WORKING DATA:

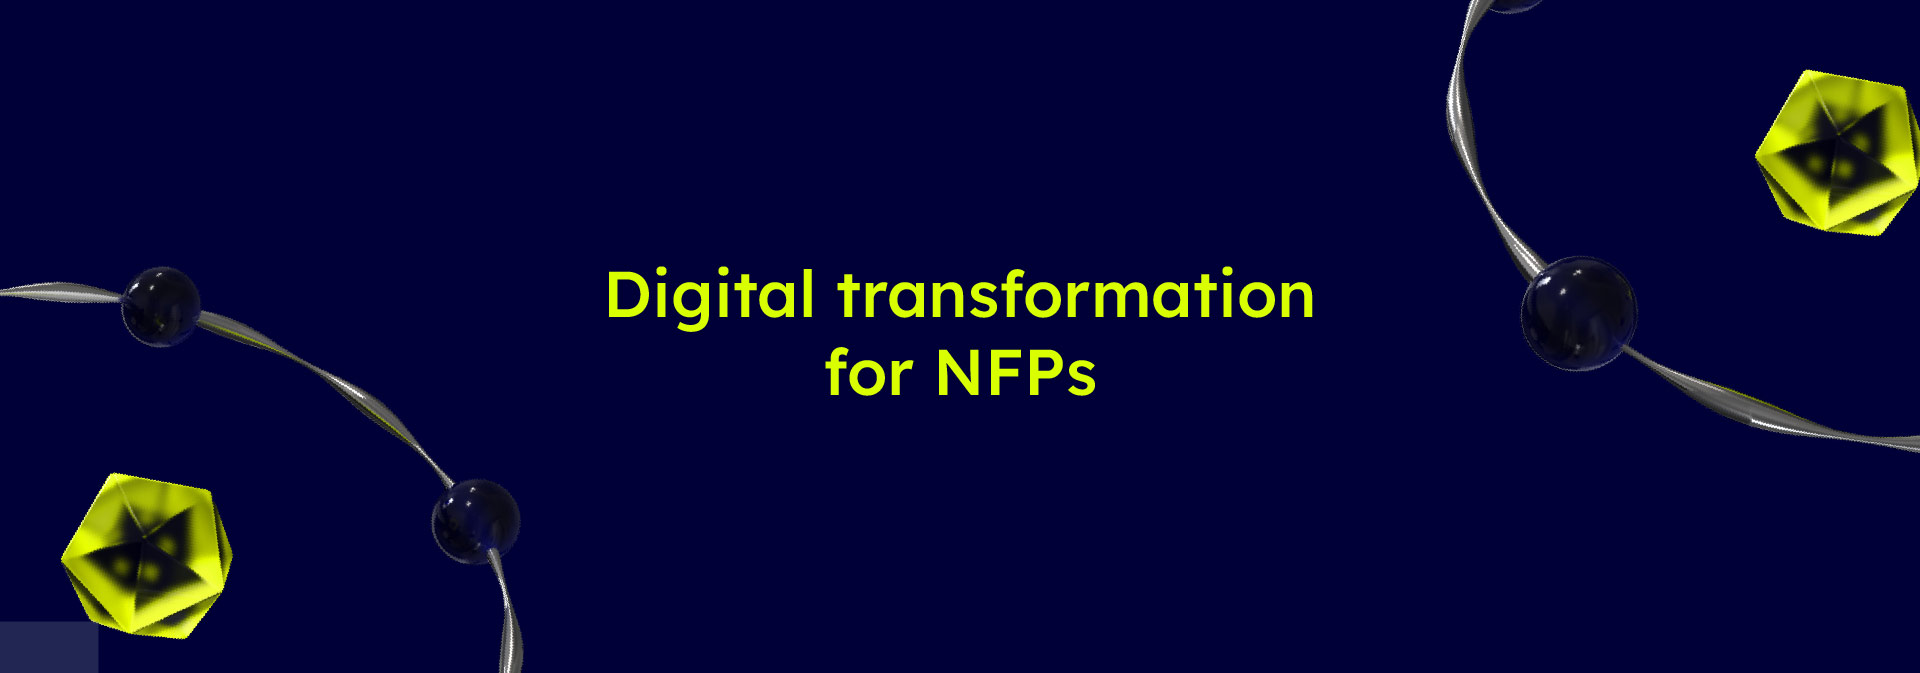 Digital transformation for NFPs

---

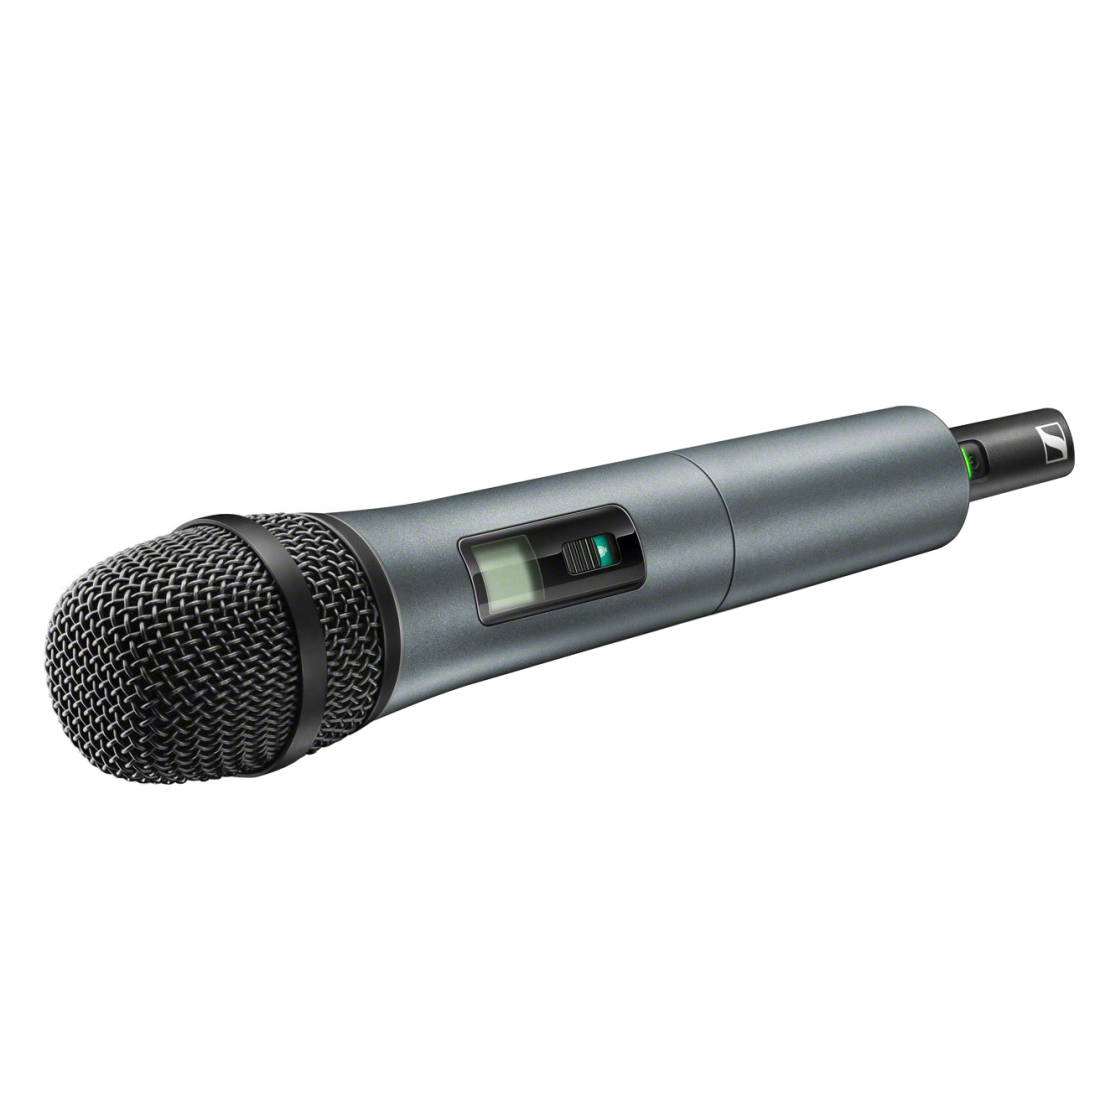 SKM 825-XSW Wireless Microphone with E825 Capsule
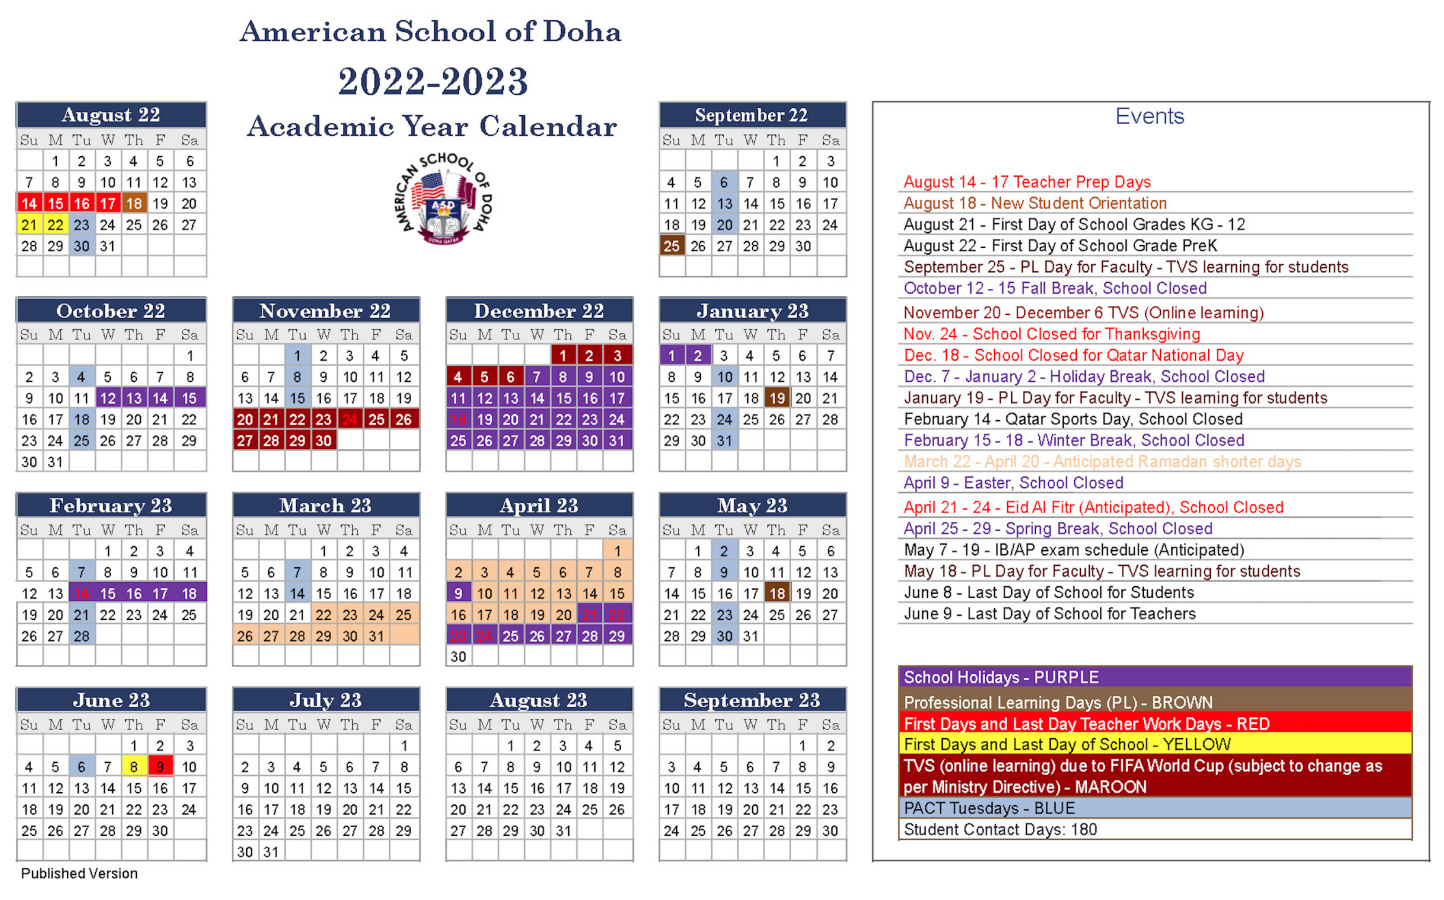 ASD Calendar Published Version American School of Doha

EXERCISE BRIEF:
In the data above, the stretch from the line with "SKM 825-XSW Wireless" through the line with "ASD Calendar Published" is to be returned exactly, minus any pictures.

EXPECTED ANSWER:
 SKM 825-XSW Wireless Microphone with E825 Capsule
 ASD Calendar Published Version American School of Doha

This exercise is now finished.